● Exercise instructions: Repeat, exactly as written, the lines of the records below from the first through the line with "Healthy Instant Pot Recipes Vegetarian", but none past it.

......

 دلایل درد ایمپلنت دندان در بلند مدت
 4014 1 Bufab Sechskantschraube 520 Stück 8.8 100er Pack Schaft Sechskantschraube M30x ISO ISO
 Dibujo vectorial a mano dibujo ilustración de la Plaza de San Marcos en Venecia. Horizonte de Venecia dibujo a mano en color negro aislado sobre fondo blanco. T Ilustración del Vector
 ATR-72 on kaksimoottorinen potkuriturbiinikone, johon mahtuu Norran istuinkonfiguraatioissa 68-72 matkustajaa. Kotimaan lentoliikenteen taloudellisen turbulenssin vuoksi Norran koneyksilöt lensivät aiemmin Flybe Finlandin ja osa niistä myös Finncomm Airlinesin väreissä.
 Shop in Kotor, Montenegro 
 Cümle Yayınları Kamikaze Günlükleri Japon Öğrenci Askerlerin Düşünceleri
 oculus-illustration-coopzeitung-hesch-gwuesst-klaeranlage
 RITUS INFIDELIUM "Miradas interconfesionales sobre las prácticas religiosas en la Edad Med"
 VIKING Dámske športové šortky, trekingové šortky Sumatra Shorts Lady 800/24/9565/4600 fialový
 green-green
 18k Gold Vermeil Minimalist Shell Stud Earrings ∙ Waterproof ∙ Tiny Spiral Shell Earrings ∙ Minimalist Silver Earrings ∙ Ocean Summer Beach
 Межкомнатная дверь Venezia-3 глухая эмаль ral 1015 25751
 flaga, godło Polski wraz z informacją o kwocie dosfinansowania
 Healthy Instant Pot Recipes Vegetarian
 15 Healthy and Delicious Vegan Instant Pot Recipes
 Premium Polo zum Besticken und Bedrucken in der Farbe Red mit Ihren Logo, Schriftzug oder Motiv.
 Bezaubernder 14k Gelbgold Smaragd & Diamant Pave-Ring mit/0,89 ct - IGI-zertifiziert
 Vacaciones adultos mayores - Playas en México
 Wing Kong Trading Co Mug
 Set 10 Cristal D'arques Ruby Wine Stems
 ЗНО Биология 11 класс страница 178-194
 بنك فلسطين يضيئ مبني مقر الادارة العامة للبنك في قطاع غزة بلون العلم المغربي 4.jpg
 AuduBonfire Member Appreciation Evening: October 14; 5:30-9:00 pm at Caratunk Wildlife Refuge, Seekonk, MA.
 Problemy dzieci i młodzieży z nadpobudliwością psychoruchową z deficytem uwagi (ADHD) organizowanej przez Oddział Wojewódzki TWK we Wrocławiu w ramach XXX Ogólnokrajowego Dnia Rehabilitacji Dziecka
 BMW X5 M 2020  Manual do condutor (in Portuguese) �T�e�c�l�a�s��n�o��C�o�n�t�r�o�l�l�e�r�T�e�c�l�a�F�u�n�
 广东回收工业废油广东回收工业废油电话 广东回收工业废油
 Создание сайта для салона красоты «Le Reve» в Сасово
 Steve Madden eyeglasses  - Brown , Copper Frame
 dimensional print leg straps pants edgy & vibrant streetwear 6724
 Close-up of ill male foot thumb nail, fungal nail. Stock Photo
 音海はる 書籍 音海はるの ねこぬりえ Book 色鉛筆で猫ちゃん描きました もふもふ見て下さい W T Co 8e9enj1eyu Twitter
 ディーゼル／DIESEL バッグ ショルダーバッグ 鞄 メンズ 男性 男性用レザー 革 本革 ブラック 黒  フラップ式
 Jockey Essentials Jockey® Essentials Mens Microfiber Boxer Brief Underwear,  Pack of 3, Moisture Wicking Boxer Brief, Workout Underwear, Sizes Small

......

● Result for this task:
 دلایل درد ایمپلنت دندان در بلند مدت
 4014 1 Bufab Sechskantschraube 520 Stück 8.8 100er Pack Schaft Sechskantschraube M30x ISO ISO
 Dibujo vectorial a mano dibujo ilustración de la Plaza de San Marcos en Venecia. Horizonte de Venecia dibujo a mano en color negro aislado sobre fondo blanco. T Ilustración del Vector
 ATR-72 on kaksimoottorinen potkuriturbiinikone, johon mahtuu Norran istuinkonfiguraatioissa 68-72 matkustajaa. Kotimaan lentoliikenteen taloudellisen turbulenssin vuoksi Norran koneyksilöt lensivät aiemmin Flybe Finlandin ja osa niistä myös Finncomm Airlinesin väreissä.
 Shop in Kotor, Montenegro 
 Cümle Yayınları Kamikaze Günlükleri Japon Öğrenci Askerlerin Düşünceleri
 oculus-illustration-coopzeitung-hesch-gwuesst-klaeranlage
 RITUS INFIDELIUM "Miradas interconfesionales sobre las prácticas religiosas en la Edad Med"
 VIKING Dámske športové šortky, trekingové šortky Sumatra Shorts Lady 800/24/9565/4600 fialový
 green-green
 18k Gold Vermeil Minimalist Shell Stud Earrings ∙ Waterproof ∙ Tiny Spiral Shell Earrings ∙ Minimalist Silver Earrings ∙ Ocean Summer Beach
 Межкомнатная дверь Venezia-3 глухая эмаль ral 1015 25751
 flaga, godło Polski wraz z informacją o kwocie dosfinansowania
 Healthy Instant Pot Recipes Vegetarian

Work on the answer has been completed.